Jihadists were pushing towards Baghdad yesterday after capturing a town just hours to the north, as the US mulled air strikes in a bid to bolster Iraq's collapsing security forces.
With the militants closing in on the capital, forces from Iraq's autonomous Kurdish region took control of Kirkuk, an ethnically divided northern city they have sought to rule for decades against the objections of successive governments in Baghdad.
Kirkuk Governor Najm al-Din Karim said Kurdish forces had filled in gaps left by Iraqi soldiers who withdrew from their positions in the province.
Iraqi Foreign Minister Hosyhar Zebari acknowledged the security forces which Washington invested billions in training and equipping before withdrawing its own troops in 2011, had simply melted away.
Washington found rare common cause with its longtime foe Tehran, with both voicing dismay at the Sunni extremists' advance and pledging to boost aid to Iraq's beleaguered Shia prime minister.
The militants, who have swept up a huge swathe of predominantly Sunni Arab territory in northern and north-central Iraq since launching their offensive in second city Mosul late on Monday, advanced into ethnically divided Diyala province.
The insurgents captured the town of Dhuluiyah just 90 kilometres from Baghdad, army officers said, as they pushed into a province whose mixed Arab and Kurdish and Sunni and Shia population has made it a byword for violence ever since the 2003 overthrow of Sunni Arab dictator Saddam Hussein.
ISIL spokesman Abu Mohammed al-Adnani vowed the jihadists would not stop there, but would press on to the capital and the Shia shrine city of Karbala, visited by millions of pilgrims from around the world each year.
The Shia-led government in Baghdad has been left floundering by the speed of the jihadist assault.

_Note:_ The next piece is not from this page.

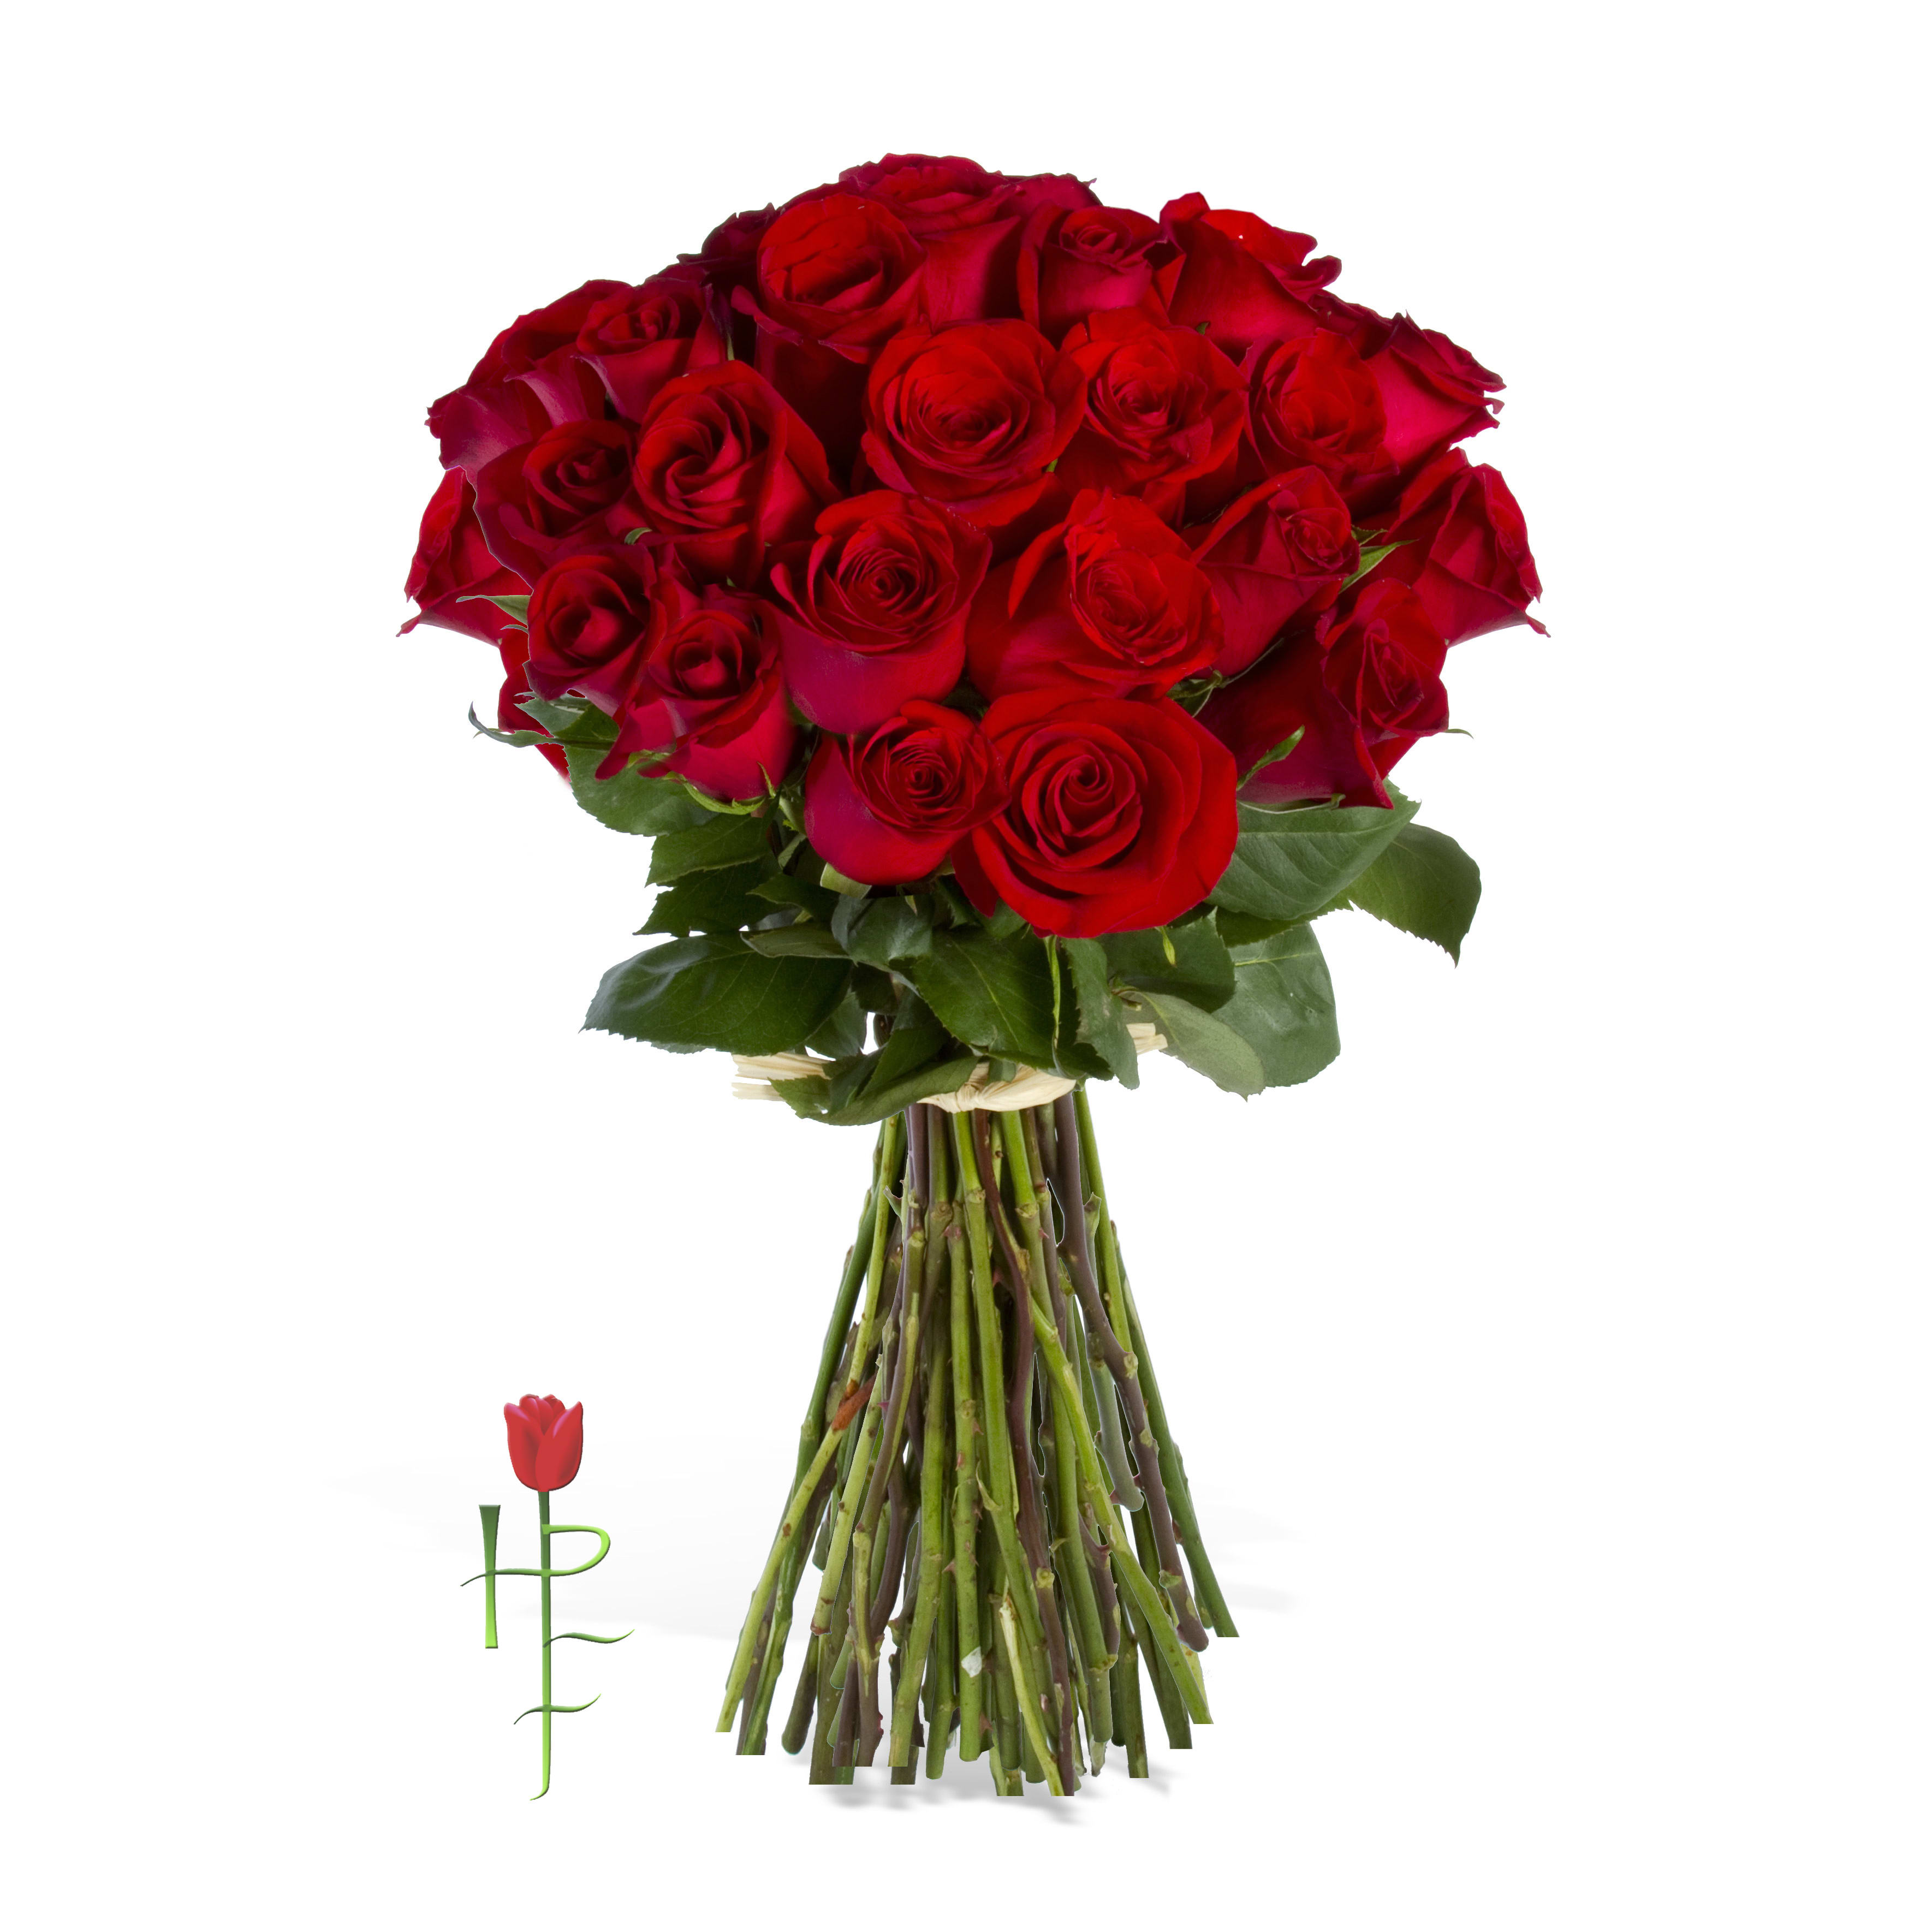 Rose Radiance - 24 long steam roses with green foliage arranged into a hand-tied bouquet.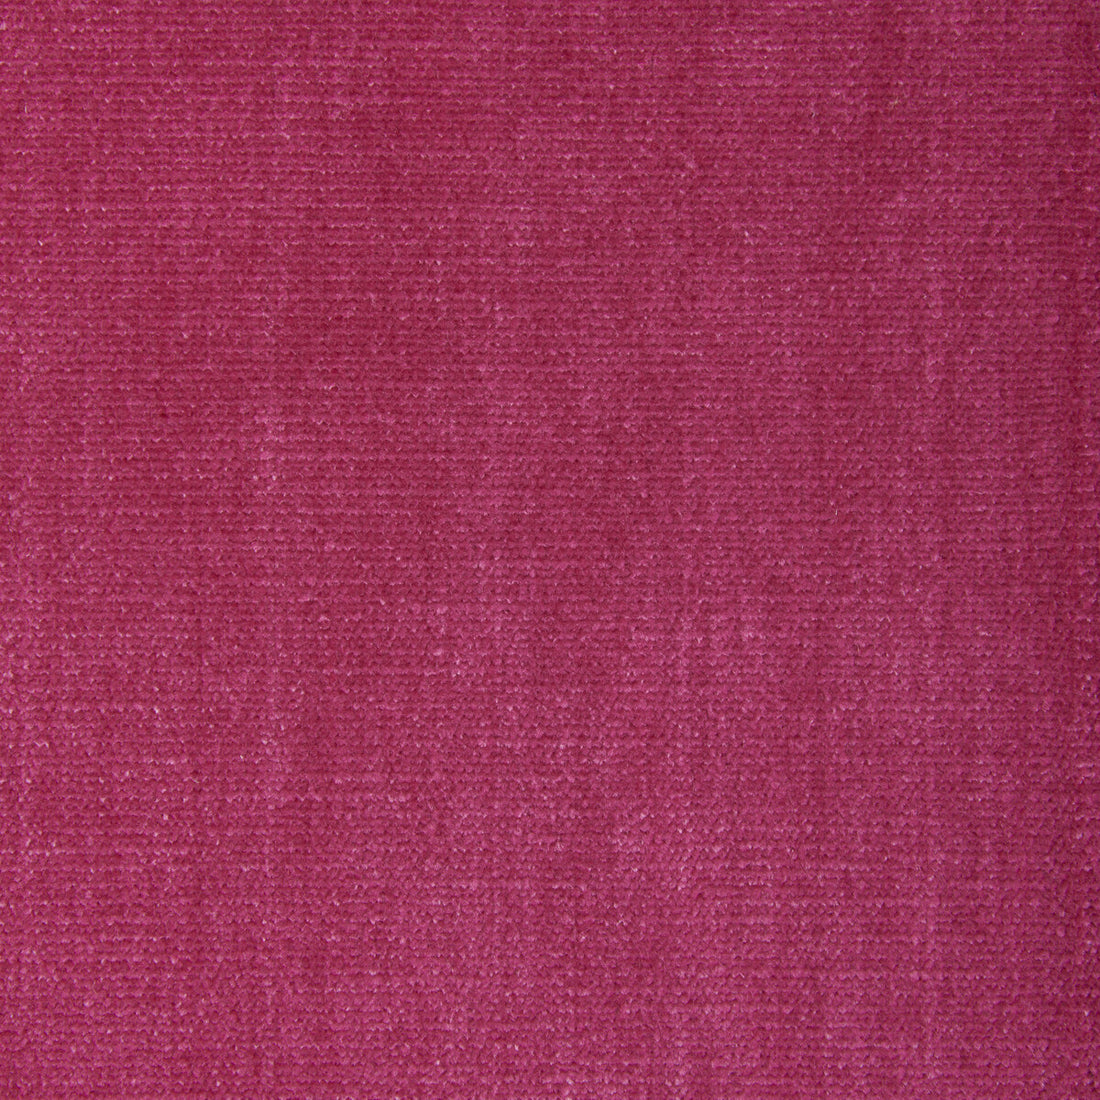 Kravet Smart fabric in 36076-77 color - pattern 36076.77.0 - by Kravet Smart in the Sumptuous Chenille II collection

Prime Minister Nuri al-Maliki said he would seek parliament's authorisation to declare a state of emergency but MPs failed to muster a quorum for the vote yesterday.
The swift collapse of Baghdad's control comes on top of the loss of Fallujah, west of Baghdad, at the start of the year. It has been a blow for Western governments that invested lives and money in the invasion that toppled Saddam.
Washington is considering several options for offering military assistance to Baghdad, including drone strikes, a US official told AFP on condition of anonymity.
Resorting to such aircraft -- used in Afghanistan, Pakistan and Yemen in a highly controversial programme -- would mark a dramatic shift in the US engagement in Iraq, after the last American troops pulled out in late 2011.
But there is no current plan to send US troops back into Iraq, where around 4,500 American soldiers died in the bitter conflict.
Nato chief Anders Fogh Rasmussen said he saw no role in Iraq for the Western alliance in the battle against Islamists.